In terms of the qualitative experience, I think reproducibility-or-not does matter with this determined to some extent by the communication protocol.
Thank you, very interesting post.
Is anybody aware of comparison between AllReduce-based approach (like in the “Terascale” paper) and Parameter Server approach for linear learning?
I mean target function vs time, or testing accuracy vs time.
There is none that I’m aware of. There are plenty of experiments in parallel ML papers, but an unanswered question is always: “For these different approaches, if you care about each the same, and optimize each to the same degree, what works better?” The cost of caring is high enough that it’s hard to make a fair comparison.
An answer might be provided by the imagenet competition, where at least participants _care_ although they bring vastly different resources to bear. This year a parameter server approach came out ahead of a GPU. However, it seems plausible that careful representational hacking and systematic testing was the key to victory rather than the choice of parallelization approach. Next year? Unclear.
Hey John, great summary. You mentioned SQL as a platform. Do you know of large-scale machine learning systems that are based on SQL? I’m aware of MADlib (http://madlib.net), but that’s it.

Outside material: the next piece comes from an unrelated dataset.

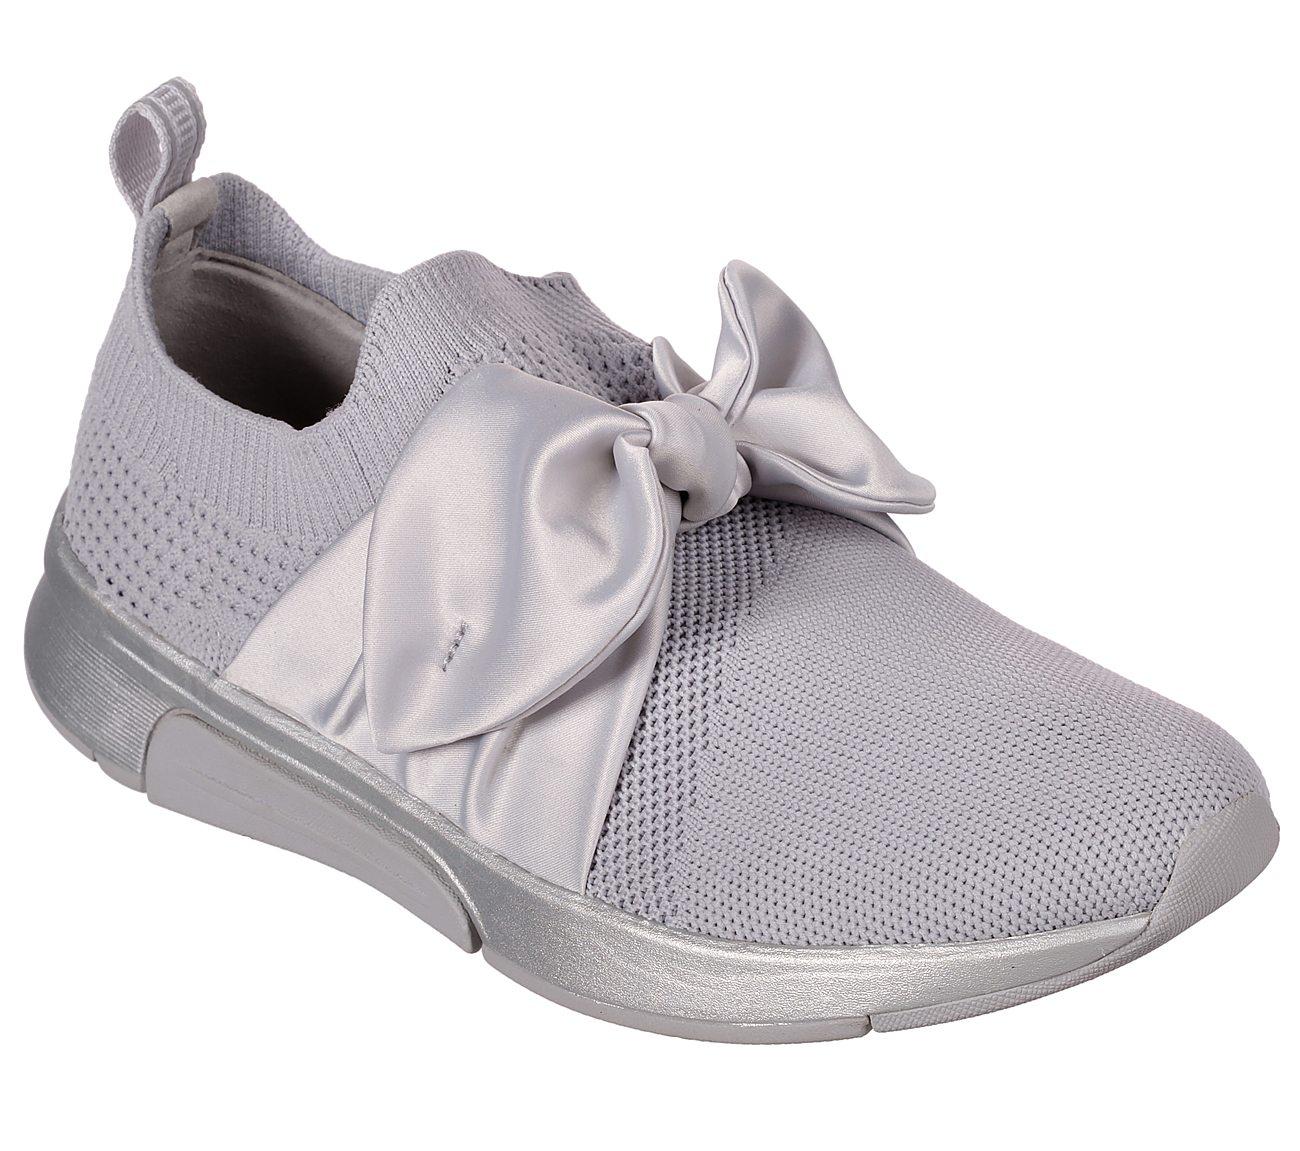 Buy SKECHERS Modern Jogger - Debbie Mark Nason Shoes only  130.00
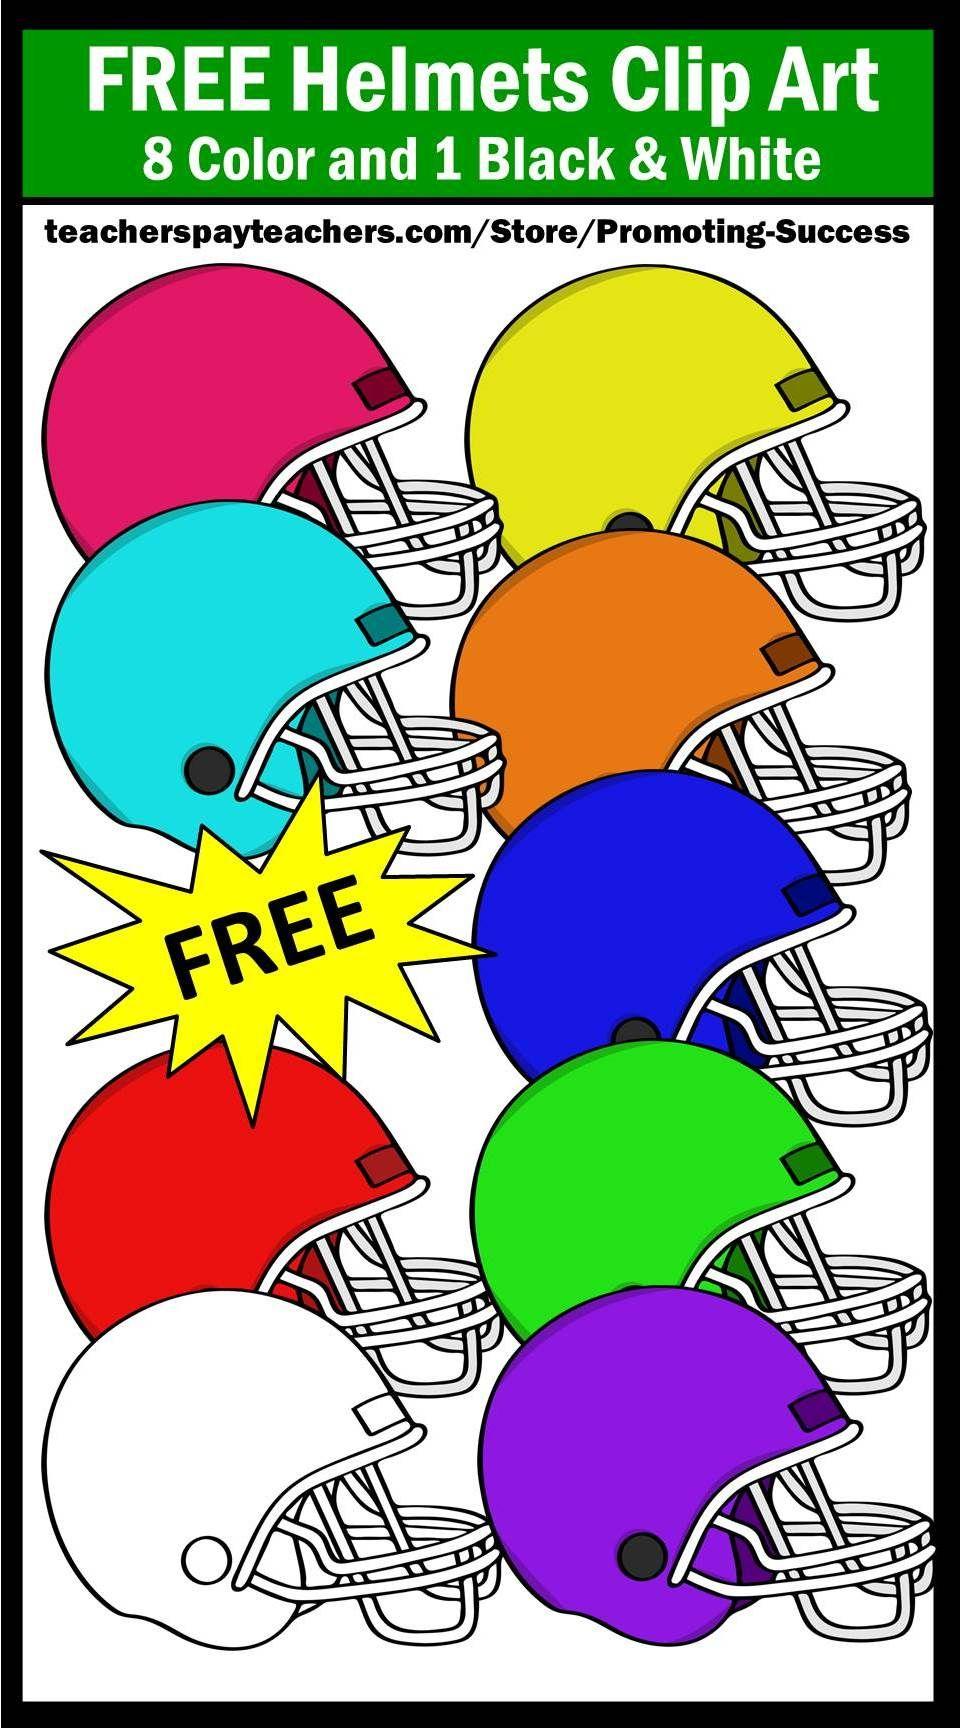 Free football helmet clipart sps teaching activities

That is one of the efforts I know of. I believe there are at least 2 or 3 others in progress. It is natural to try to extend databases to also do machine learning, although I think refactoring learning algorithms across user defined SQL functions often ends up being rather awkward.
Interesting, thanks John.
I think parameter server approaches are very useful when you are training a huge model that requires 10 TB memory storage (e.g., sparse models) and you need asynchronous approach to avoid waiting on the slowest machine for each minibatch. Real parameter server systems could have hundreds of hpc machines for one training task.
Model exceeds RAM is a good criteria.
If you are stuck with asymmetric hardware, then avoiding waiting on the slowest machine is also important.
It seems people advocate parameter servers in many situations where neither of these criteria fit.